The Monetary Policy Committee (MPC) is set to convene on July 22-23, 2024, amid soaring inflation and economic challenges in Nigeria.

Led by Olayemi Cardoso, the committee has already increased interest rates three times this year, raising them by 750 basis points to 26.25 percent.

Nigeria’s annual inflation rate climbed to 34.19 percent in June, driven by rising food prices. Despite these pressures, the Central Bank of Nigeria (CBN) projects that inflation will moderate to around 21.40 percent by year-end.

Market analysts expect a further rate hike as the committee seeks to rein in inflation.
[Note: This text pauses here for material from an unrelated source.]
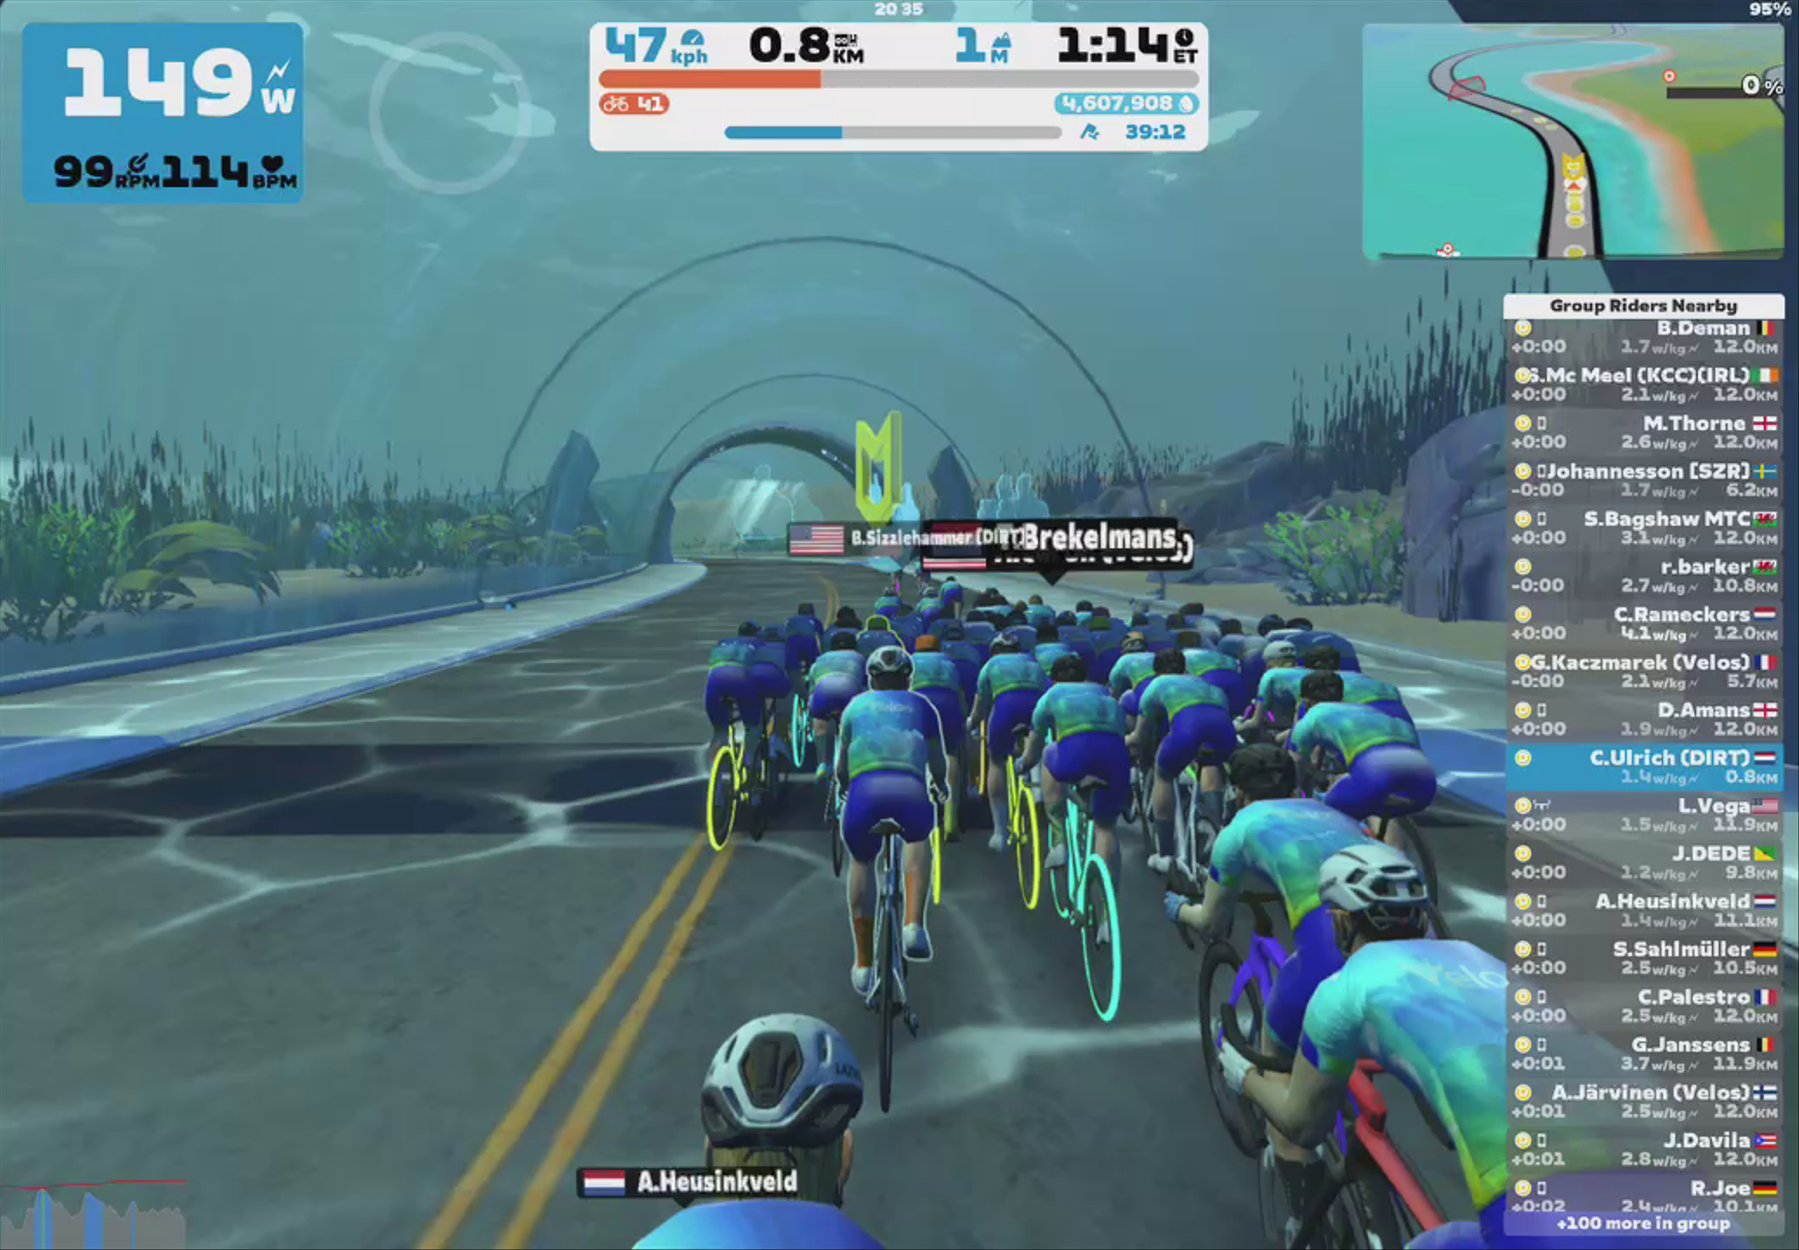 Zwift - Group Ride: Team Velos Social Sprint Series (D) on Flat Route in Watopia

Nabila Mohammed from Chapel Hill Denham anticipates a 50–75 basis point increase.

Similarly, Coronation Research forecasts a potential rise of 50 to 100 basis points, given the recent uptick in inflation.

The food inflation rate reached 40.87 percent in June, exacerbated by security issues in key agricultural regions.

Essential commodities such as millet, garri, and yams have seen significant price hikes, impacting household budgets and savings.

As the MPC meets, the National Bureau of Statistics is set to release data on selected food prices for June, providing further insights into the inflationary trends affecting Nigerians.

The upcoming MPC meeting will be crucial in determining the trajectory of Nigeria’s monetary policy as the government grapples with economic instability.

The focus remains on balancing inflation control with economic growth to ensure stability in Africa’s largest economy.